Options exist to generate three auxiliary geometry output files: gdf_pan.dat, gdf_pat.dat, and gdf_low.gdf. (Here gdf is the filename of the GDF input file. For a run with NBODY>1 the GDF filename for the first body is used.)

The files gdf_pan.dat and gdf_pat.dat contain the Cartesian coordinates of panels or patches in formats suitable for perspective plotting with programs such as Tecplot. This facilitates the use of perspective plots to illustrate and check the GDF inputs. Examples of these plots are included in Appendix A for each test run.

The file gdf_low.gdf is a low-oder GDF file, with the coordinates of new low-order panels which are derived from the input geometry. In all cases the coordinates are dimensional, and defined in the same units as specified in the input GDF file(s).

The data in gdf_low.gdf has the same definitions and format as a conventional low-order GDF file (Section 6.1). The coordinates of the panel vertices are defined with respect to the body coordinate system, corresponding to the original GDF inputs. If NBODY>1 the file gdf_low.gdf represents the body identified as N = 1. If the original body panels are reflected by the program, the file gdf_LOW.GDF will include panels for the reflected body. (This will occur if NBODY>1, if walls are present, or if the body is not symmetric with respect to the global coordinate system.) If ILOWGDF=1 and the body is reflected by the program, gdf_low.gdf contains the original body panels (without subdivision) plus their images about the reflected planes of symmetry.

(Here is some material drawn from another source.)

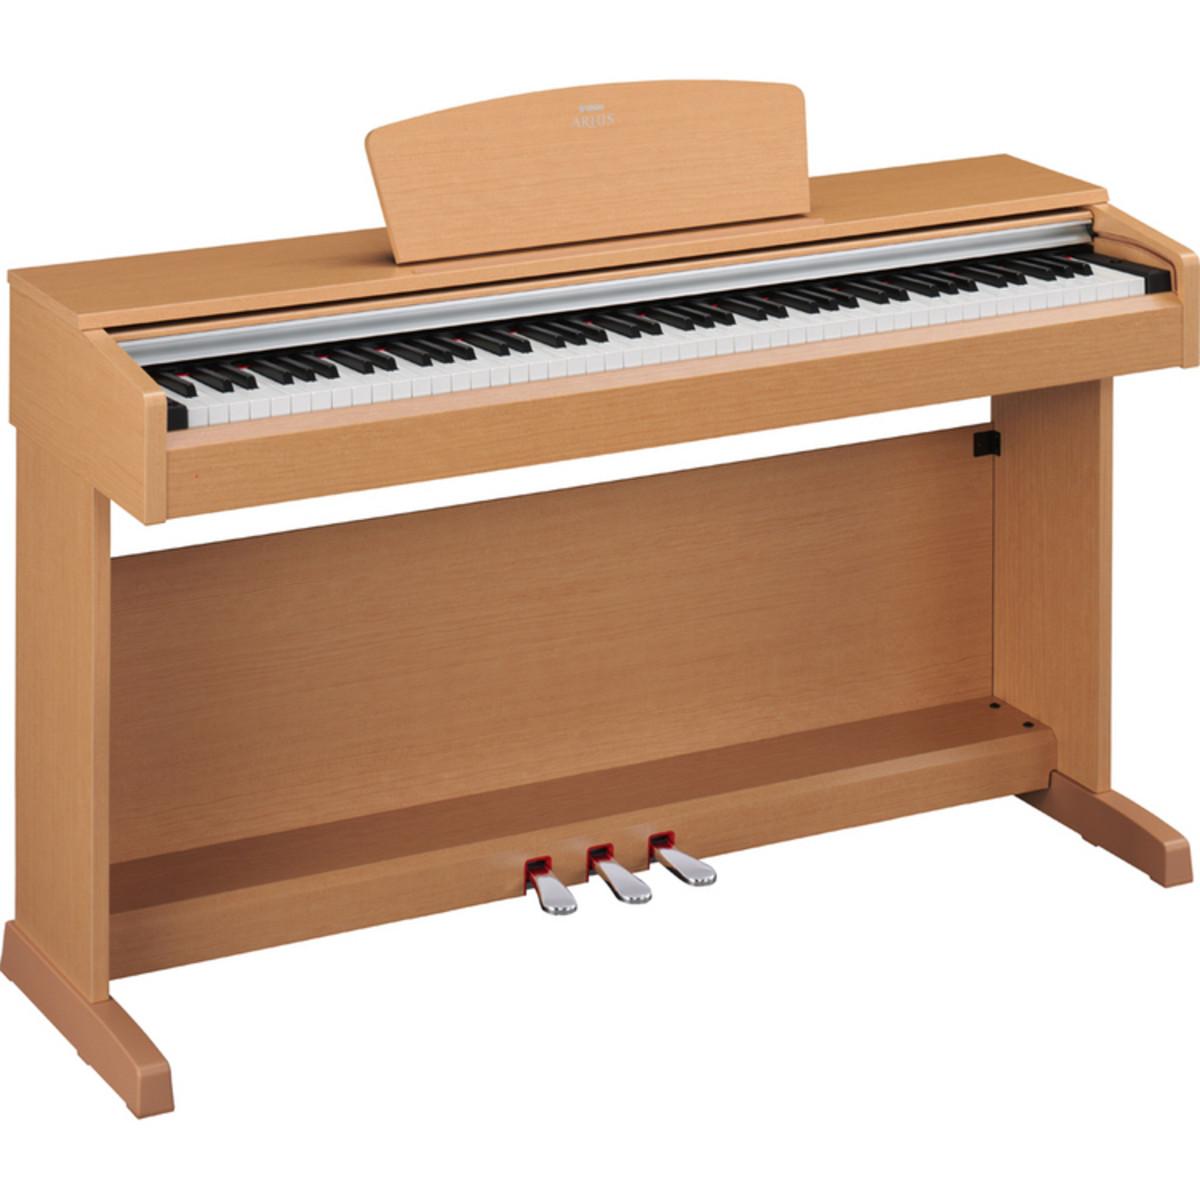 Disc yamaha arius ydp 141 digital piano light cherry at for Yamaha dgx640c digital piano cherry

The data in gdf_pan.dat and gdf_pat.dat are defined with respect to the global coordinate system. In a WAMIT run with NBODY>1 the data for all of the bodies are included. The figures in Sections A.5 and A.13 illustrate this feature.

The configuration parameters IPLTNORMAL and PLTDELTA can be used to show the normal vectors on panels or patches. This may be useful to avoid errors in the direction of the normal vector, which must be directed into the interior of the body. If IPLTNORMAL=0 (default) there is no extra data to show normals. If IPLTNORMAL=1 the panels/patches are projected into the interior (or exterior if the normal is wrong). The projected patches are only shown over an interior portion of the body patch. The offset of the projected panels or patches is equal to the value of the parameter PLTDELTA, with the default value 0.05. If IPLTNORMAL=2 the normal vectors are shown at the centers of the patches or panels, and can be displayed in Tecplot using the Vector option for the zone. Examples of perspective plots using IPLTNORMAL=1 and 2 are shown in Figure 5.1 and Figure 5.2.


PIC

Figure 5.1: Plots of the patch file gdf_pat.dat (left) and panel file gdf_pan.dat (right) from TEST11a, using IPLTNORMAL=1. The projected patches and panels are shown in red. Note that these are only visible on the interior side of the body, showing that the direction of the normal vector is correct.



PIC

Figure 5.2: Plots of the patch file gdf_pat.dat (left) and panel file gdf_pan.dat (right) from TEST11a, using IPLTNORMAL=2.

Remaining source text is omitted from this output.